Nortel Networks has gone bankrupt, and is selling bits and pieces to Nokia Siemens. I'm not sure if the CS2K is one of those pieces.
Nortel has a lot of really smart people. It's difficult to change from charging $16M for a telephone switch servicing 100,000 lines in 1997 (which is what they charged BellSouth for the DMS100 in my home town) to the current marketplace.
There are interesting engineering and technical questions that arise when a company does this. People have long complained about Nortel's support for the CS2K. At least one carrier is rumored to have stopped provisioning new subscribers on their Nortel CS2K as soon as the bankruptcy was announced.
If you need a modern alternative to the CS2K, what are the choices? There are plenty, but a few front-runners:
- MetaSwitch is the first to come to mind because CS2K users often have copious TDM and SS7 interconnections.
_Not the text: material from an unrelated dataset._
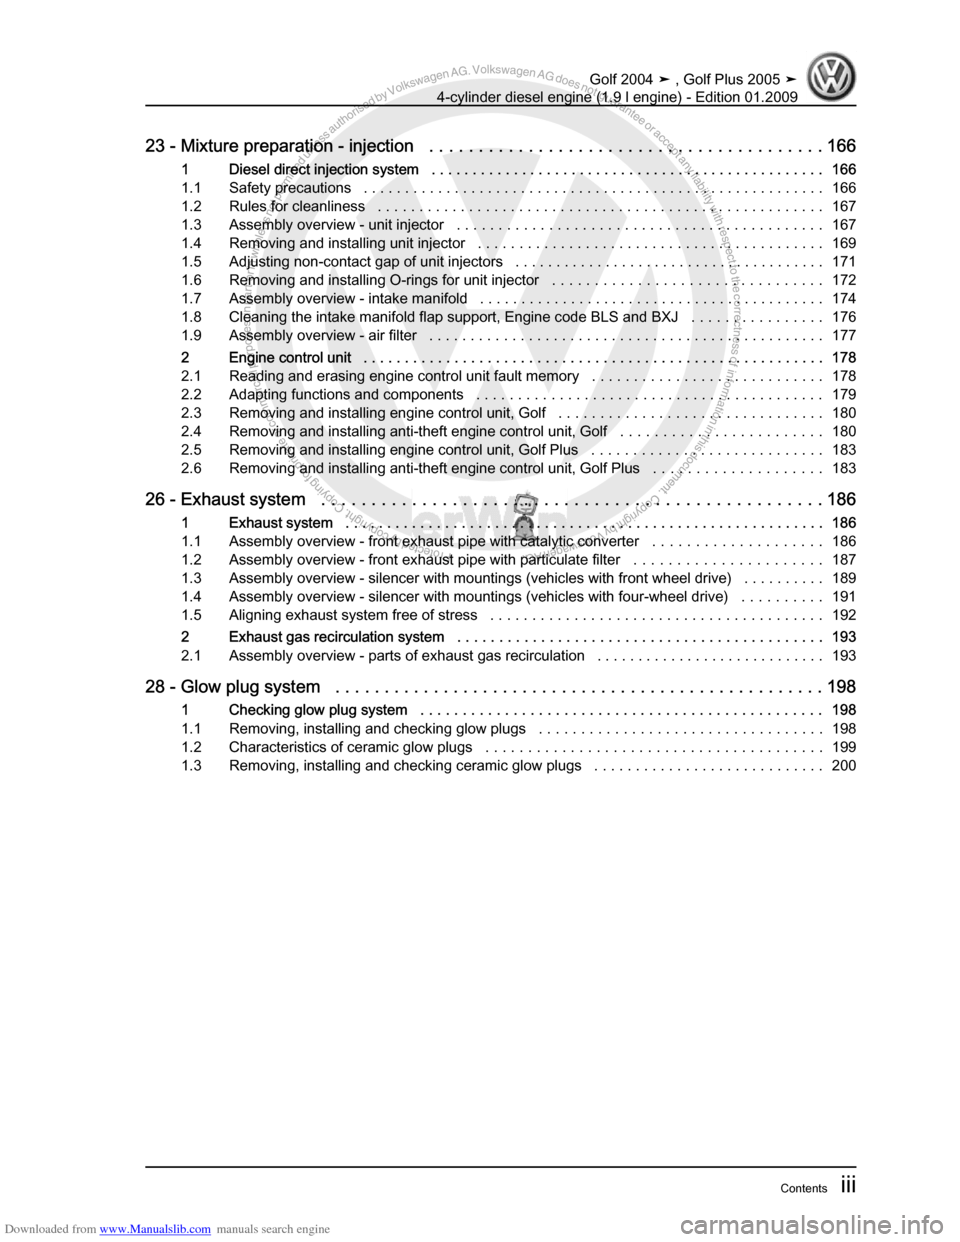 VOLKSWAGEN GOLF PLUS 2005 1K / 5.G Service Workshop Manual

The MetaSwitch platform can definitely do this, Class-5 and Class-4/tandem type features.
- BroadSoft may be a fine choice if you were using the CS2K primarily for Class-5-like features, and you have some other way of interconnecting SIP to the PSTN.
- Alcatel-Lucent has the old Telica Plexus 9000 platform (not to be confused with the Plexus 8000). I think the name-of-the-month is the "Alcatel-Lucent Network Gateway". It's a nice box, but somewhat difficult to troubleshoot. (Especially if you don't have the super-secret list of debug commands and logging that you can run on the individual CPU and VSM cards.) Still, if you're looking for solid SIP-to-PSTN interworking, it's a good option to consider.
- Taqua has a platform worth considering.
- You might consider Cisco because of the PGW or BTS10200. These come across as pretty weak players, compared to other folks in this list. If you're interconnecting the VoIP world with the PSTN, then you can use AS5400s and have great joy. (Just be sure you add access-lists to control the paths SIP can take. IOS will accept a call from anybody!)